Kuan, do you know if there's something wrong with the guy or is that really just fat? So weirdly round, like he's pregnant!


----------



## kuan (Jun 11, 2001)

Don't know, but I think it's photoshopped. Look closely, nice stretch marks!


----------



## headless chicken (Apr 28, 2003)

See what happends when you go on a McDonald diet for more then 1 month!


----------



## redace1960 (Apr 1, 2005)

lordy lordy, its the cirrhosis of the liver poster boy.


----------



## kerryclan (Mar 13, 2005)

^^  

LOL. Yeah, he looks like a serious beer boy!

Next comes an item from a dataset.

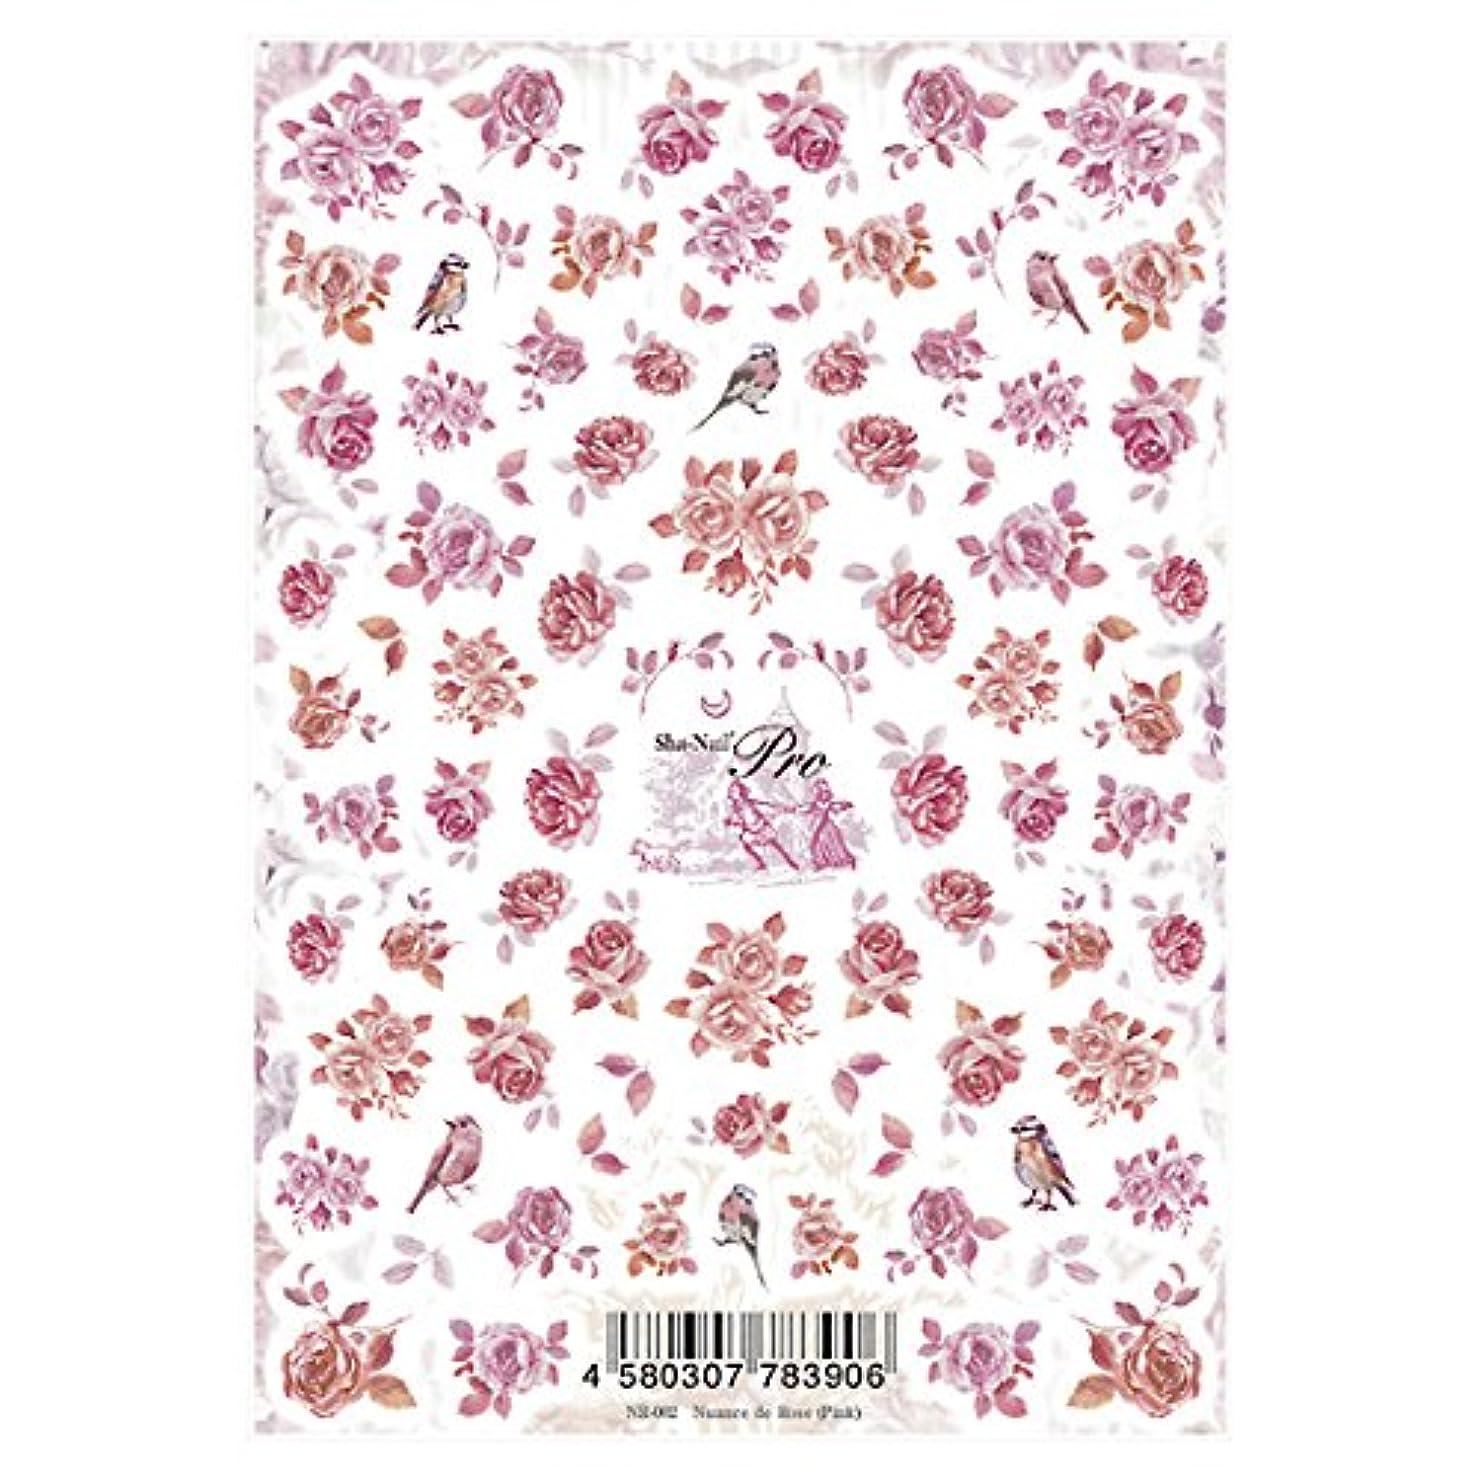 ボーダーハンバーガーバックグラウンド写ネイルプロ ネイルシール ニュアンスローズ ピンク アート材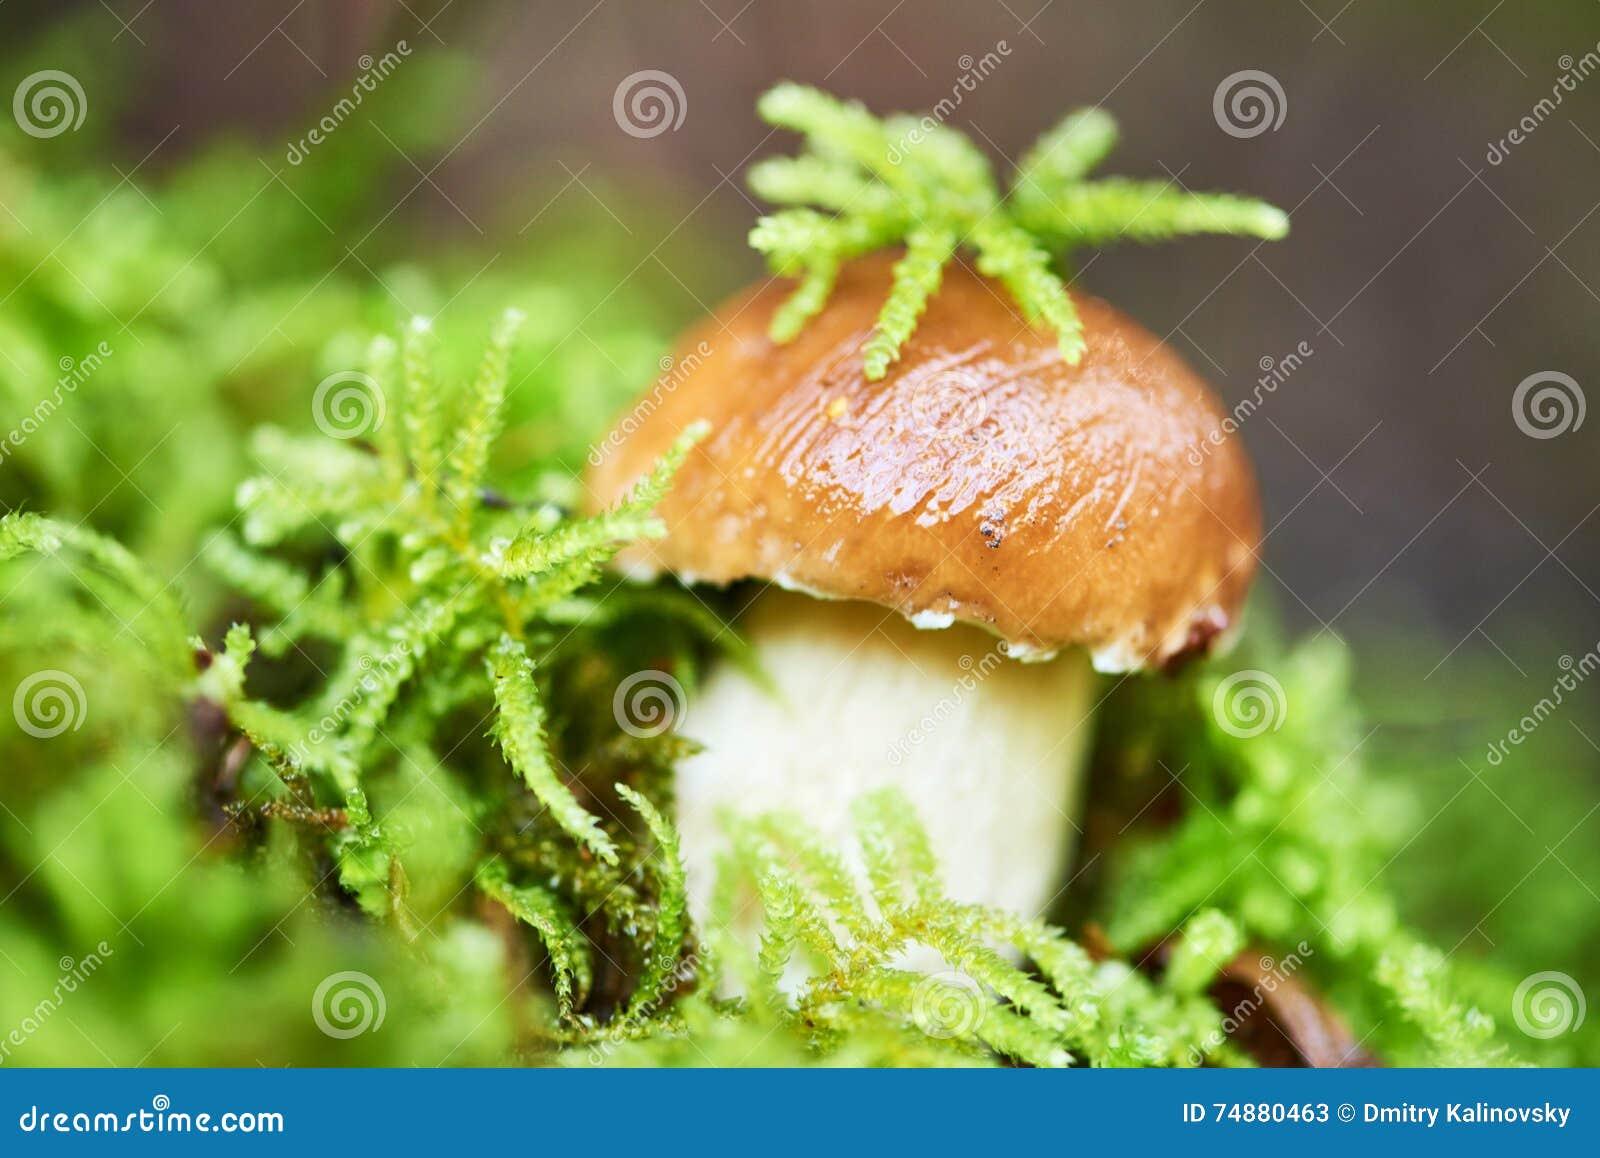 Cogumelo do cepa-de-bordéus do boleto em uma floresta

Also looks like a duck when the skin is blown out for Peking.


----------



## dano1 (Oct 23, 2003)

hey, where'd you find my pic....


----------



## mezzaluna (Aug 29, 2000)

Kuan, I think you're right: it's seriously foreshortened!


----------



## katbalou (Nov 21, 2001)

kuan, 
change the face a little and you have a picture of 2 of my brother-in-laws!!
but.... they claim they are not overweight at all!! i guess they are undertall.
kat


----------



## faith leche (May 20, 2005)

lol some woman would find that sexy...you know, if you labotimized them, pumped them full of heroin, and removed their eye balls.lol


----------



## harpua (May 4, 2005)

He's gonna get diabetes, if he doesn't have it already.


----------



## faith leche (May 20, 2005)

his arteries have been squished in to a dimension unlike ours, between space and time.....everytime i look ...i must question this world in which we habitate.


----------



## markv (May 16, 2003)

I was sitting here drinking my morning coffee, perusing Cheftalk, and deciding whether I had the energy/motivation to go for a run.

You just helped me overcome my laziness. :bounce: 

Mark


----------